Quote the whole listing exactly. Leave the pictures out of your copy.
** Material provided follows **
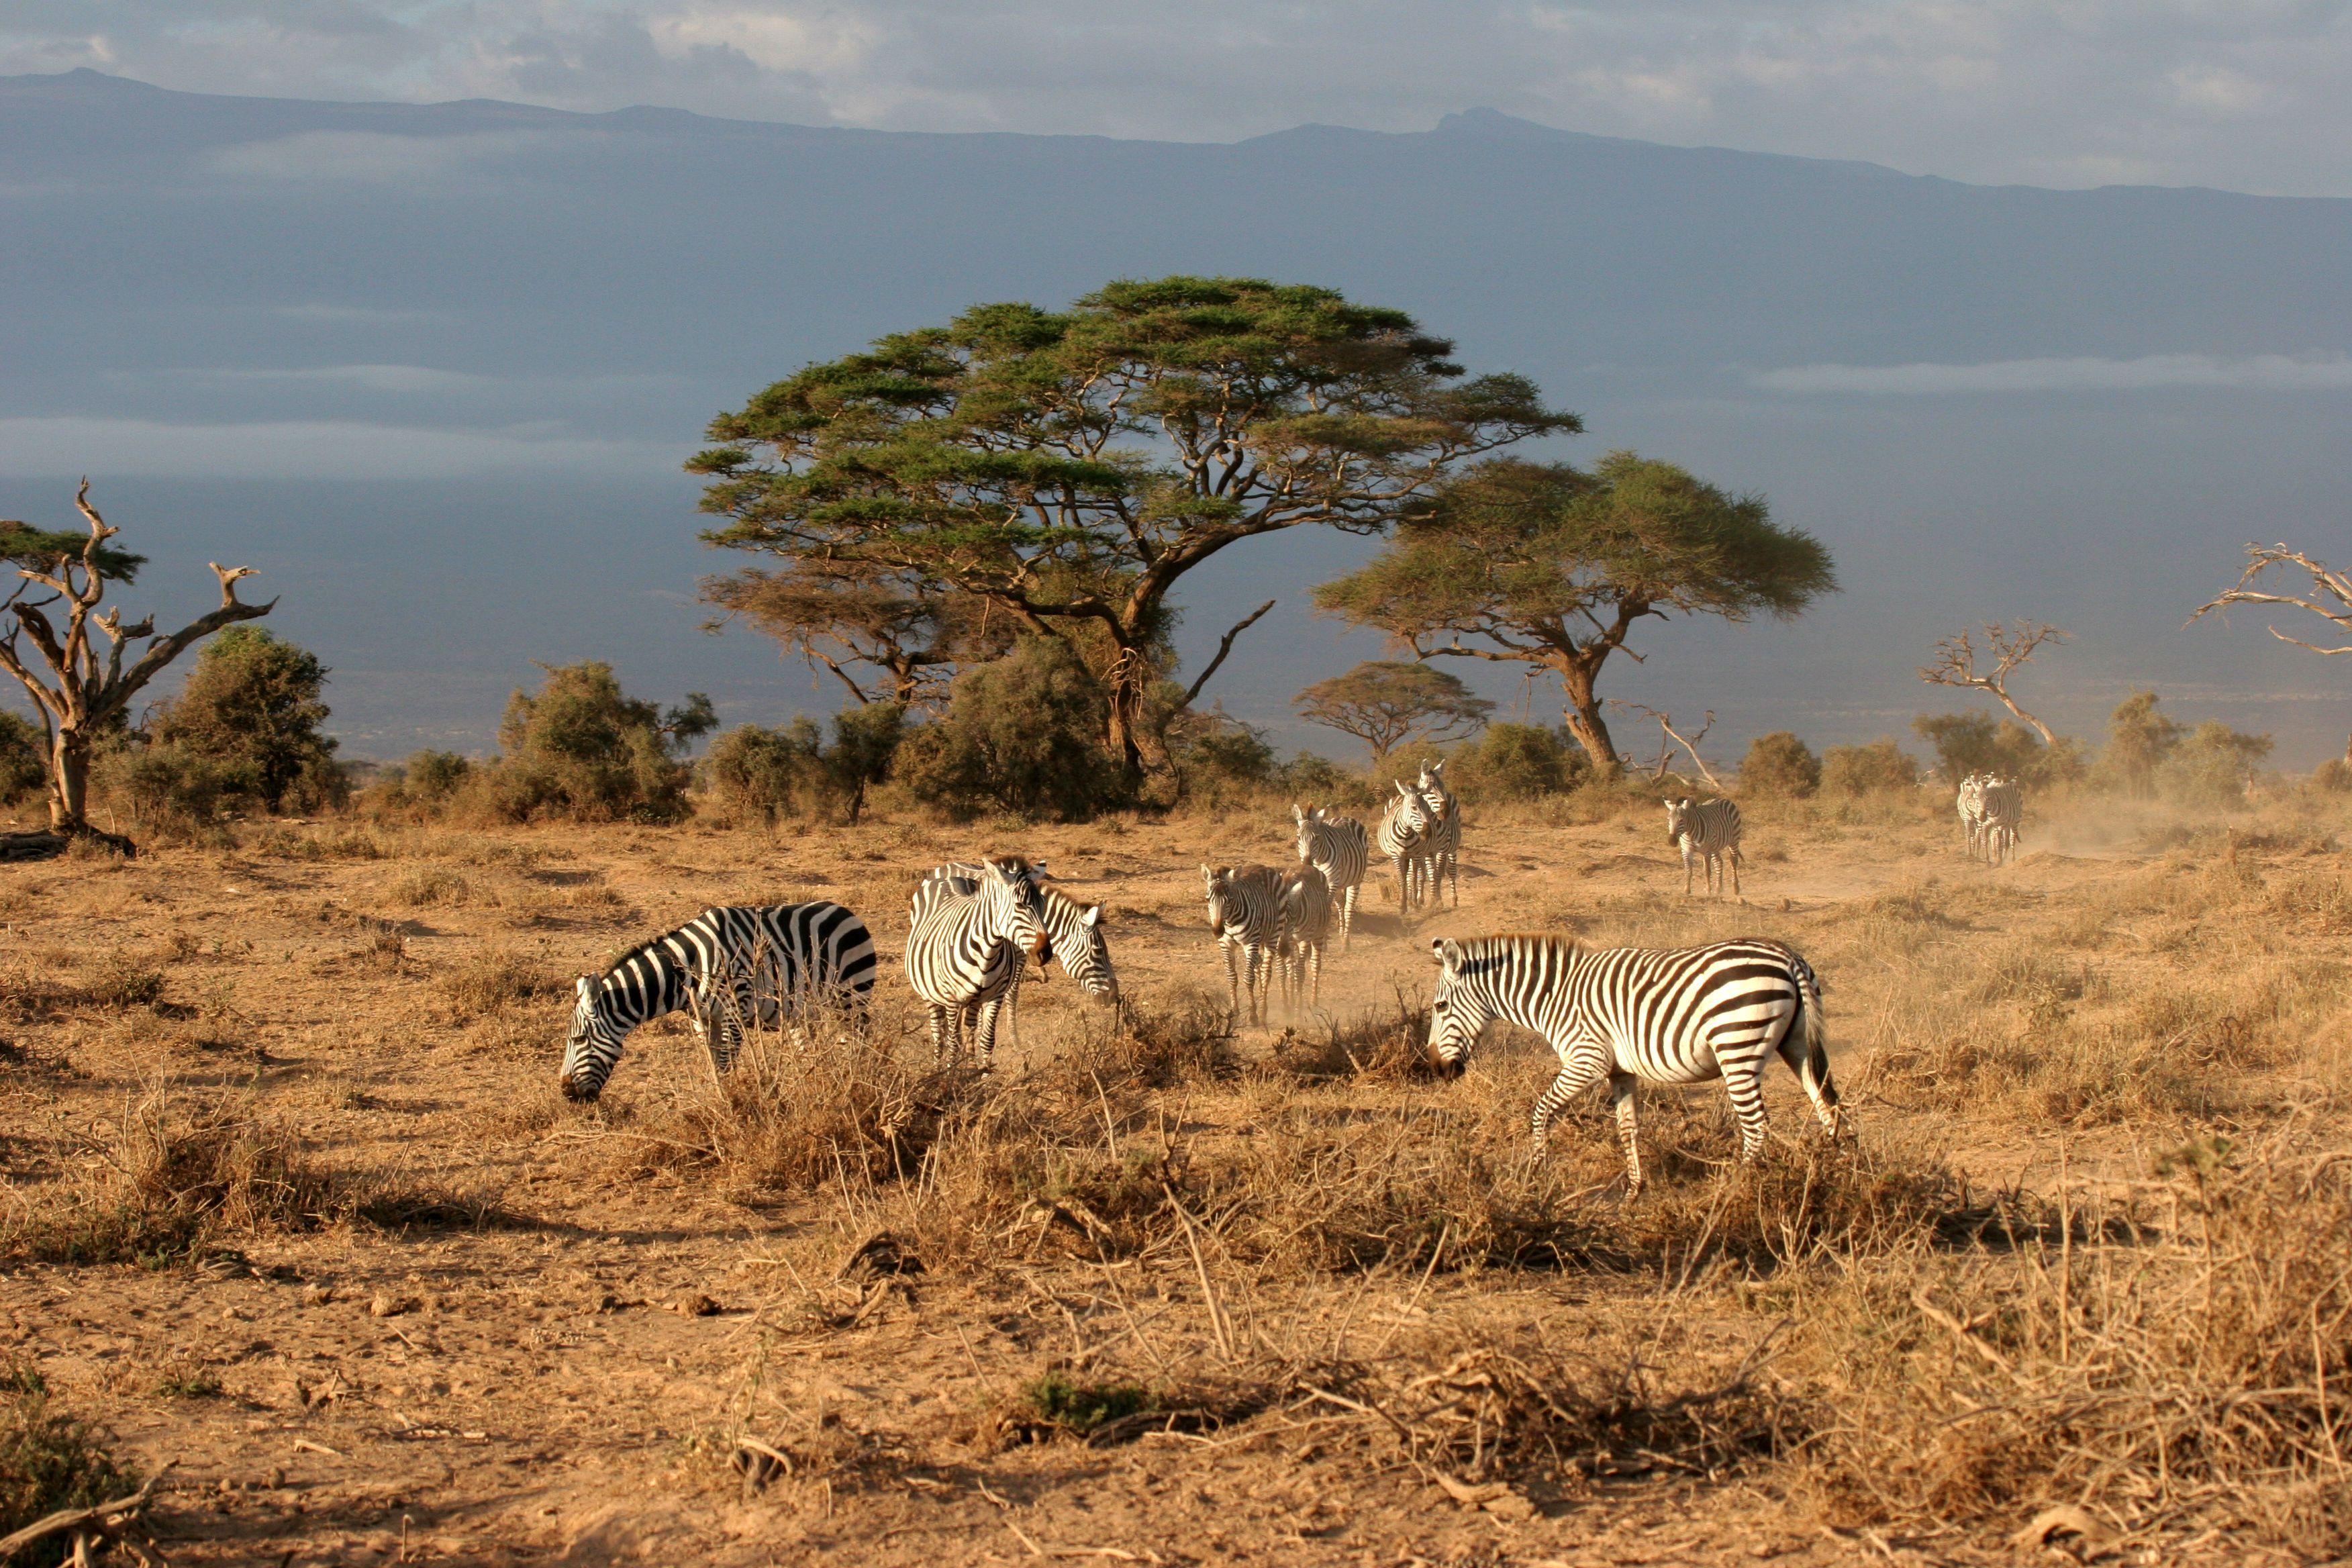 Savane sauter du coq l 39 ne pinterest savane - Dessin paysage africain ...
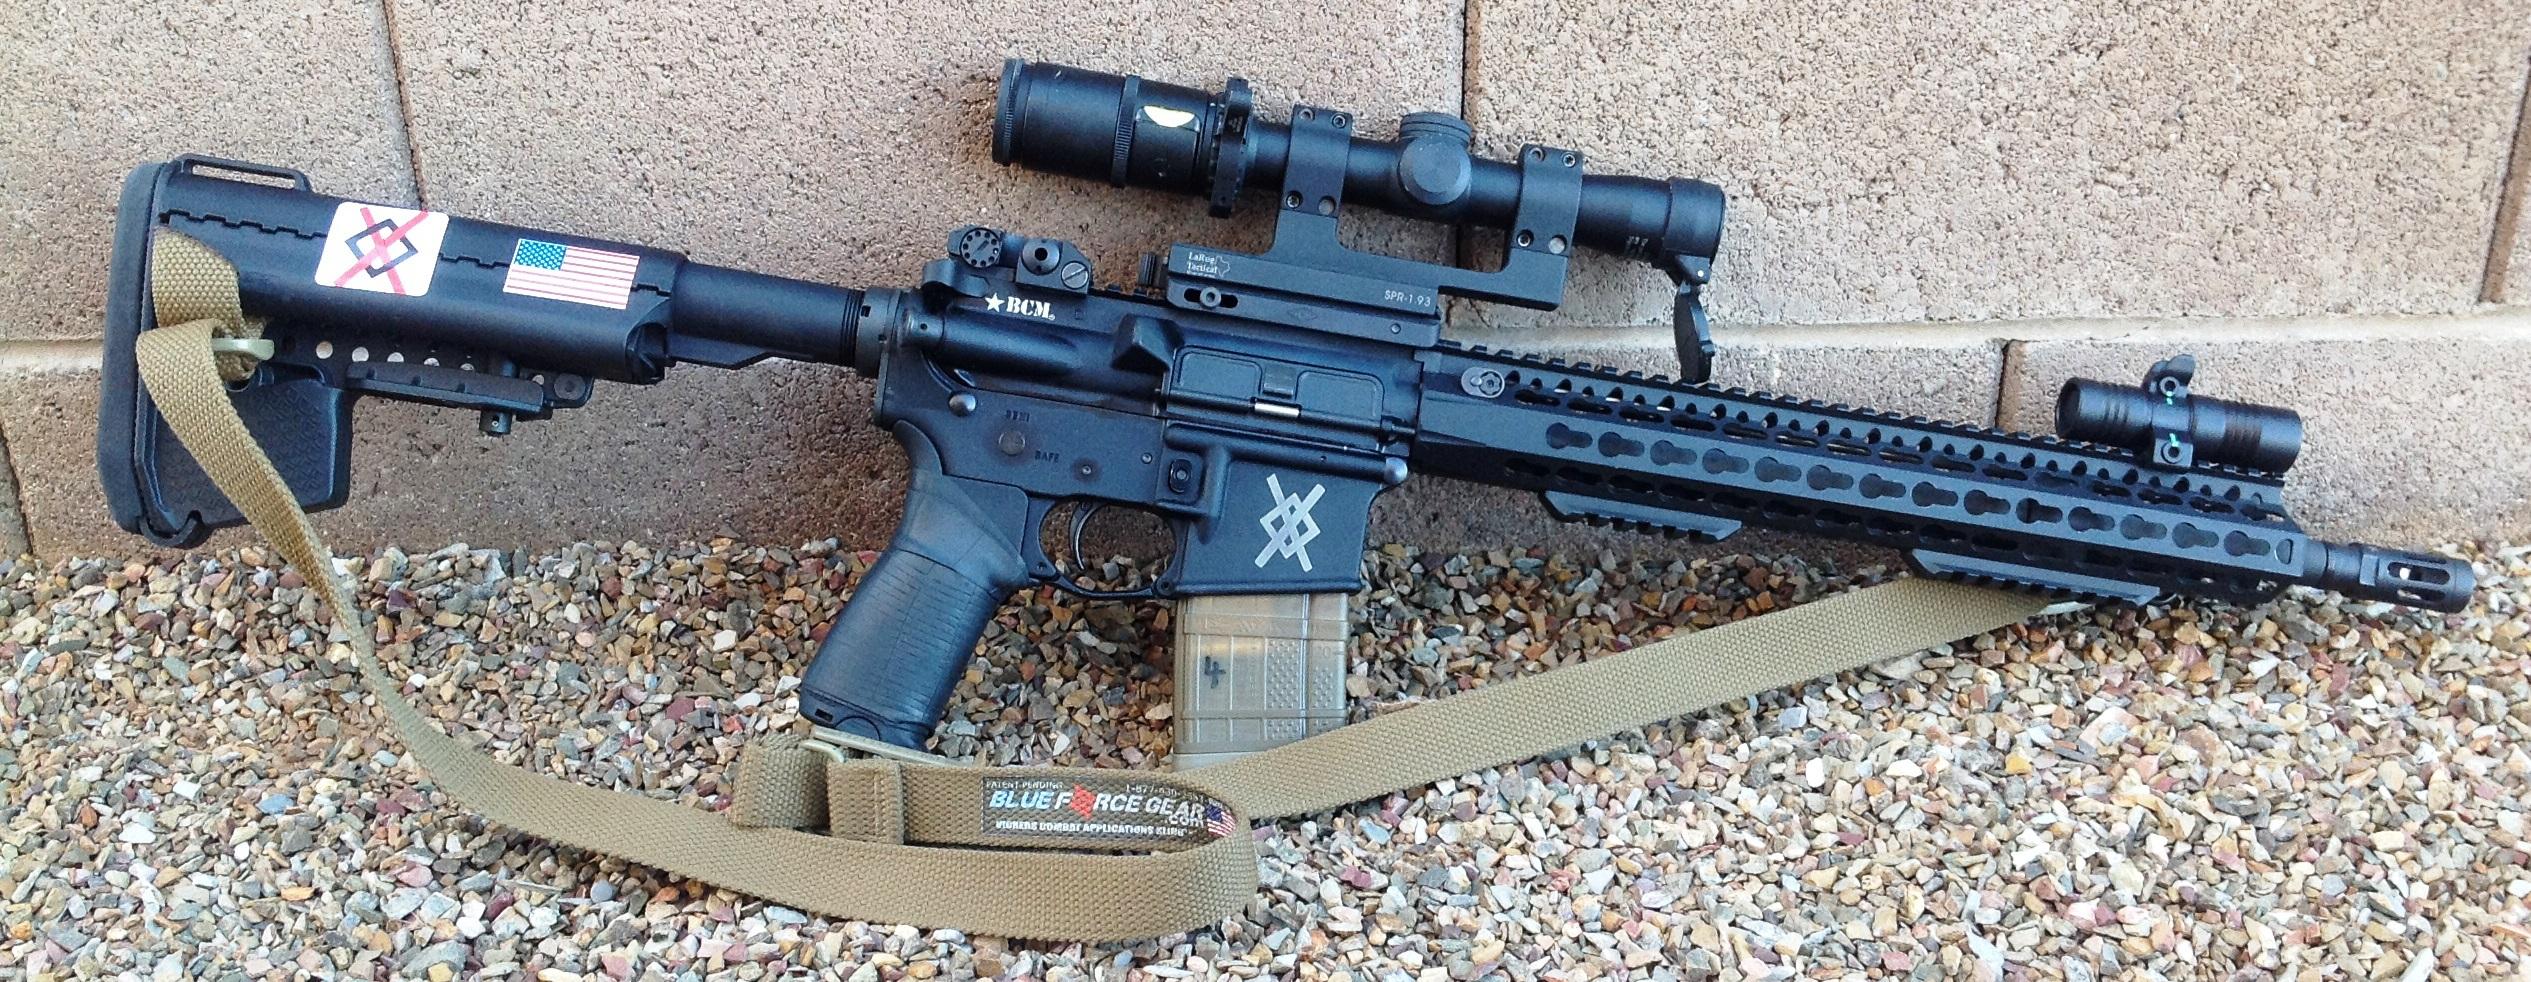 Rosch Works Rw Sl1 Sight Light Integrated Weapon Light
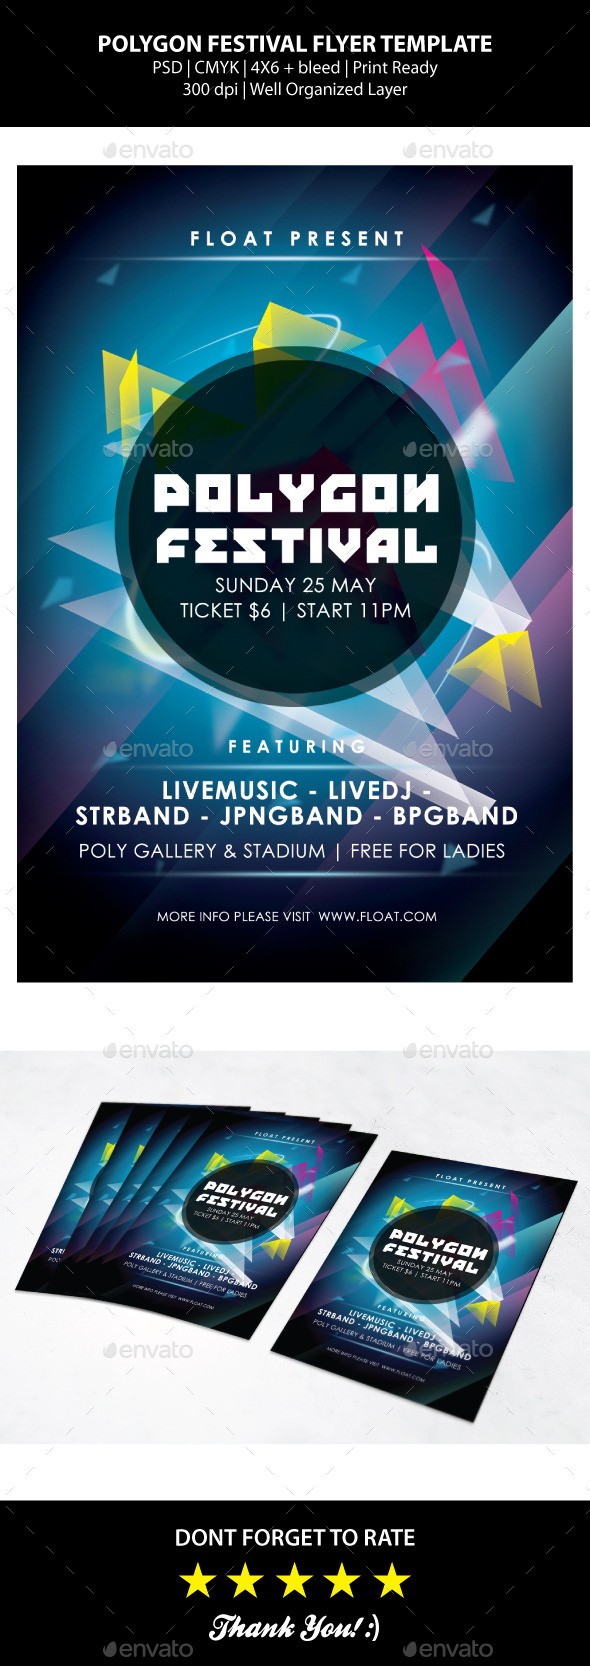 GraphicRiver Polygon Festival Flyer Templates 9375617
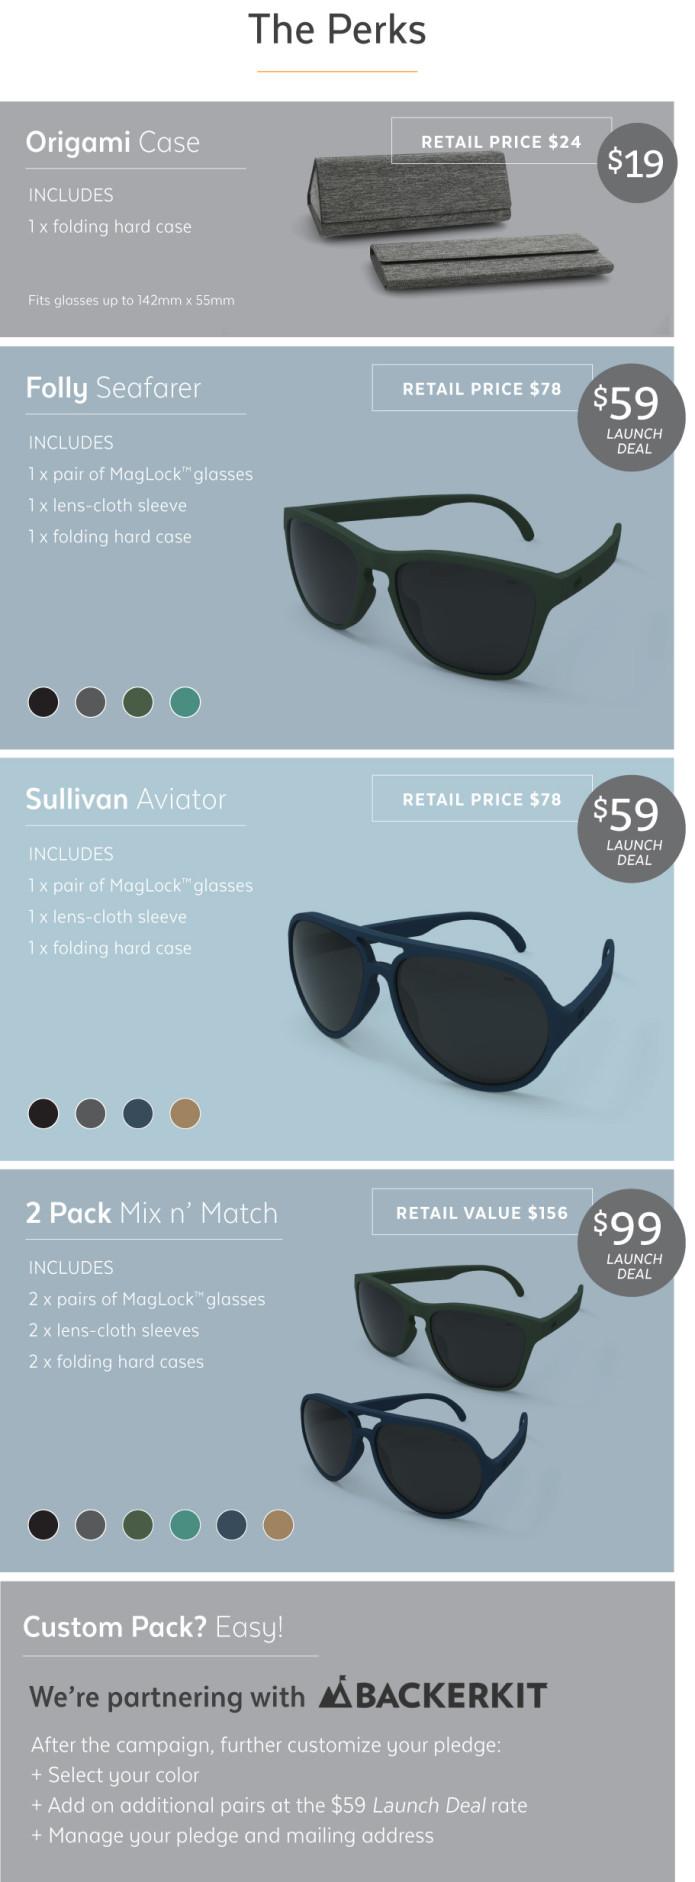 af74fa9d707f MagLock Sunglasses - Never dropped or left behind
** End of Material provided **
:: Exercise answer ::
 Savane sauter du coq l 39 ne pinterest savane - Dessin paysage africain ...
 Rosch Works Rw Sl1 Sight Light Integrated Weapon Light
 GraphicRiver Polygon Festival Flyer Templates 9375617
 af74fa9d707f MagLock Sunglasses - Never dropped or left behind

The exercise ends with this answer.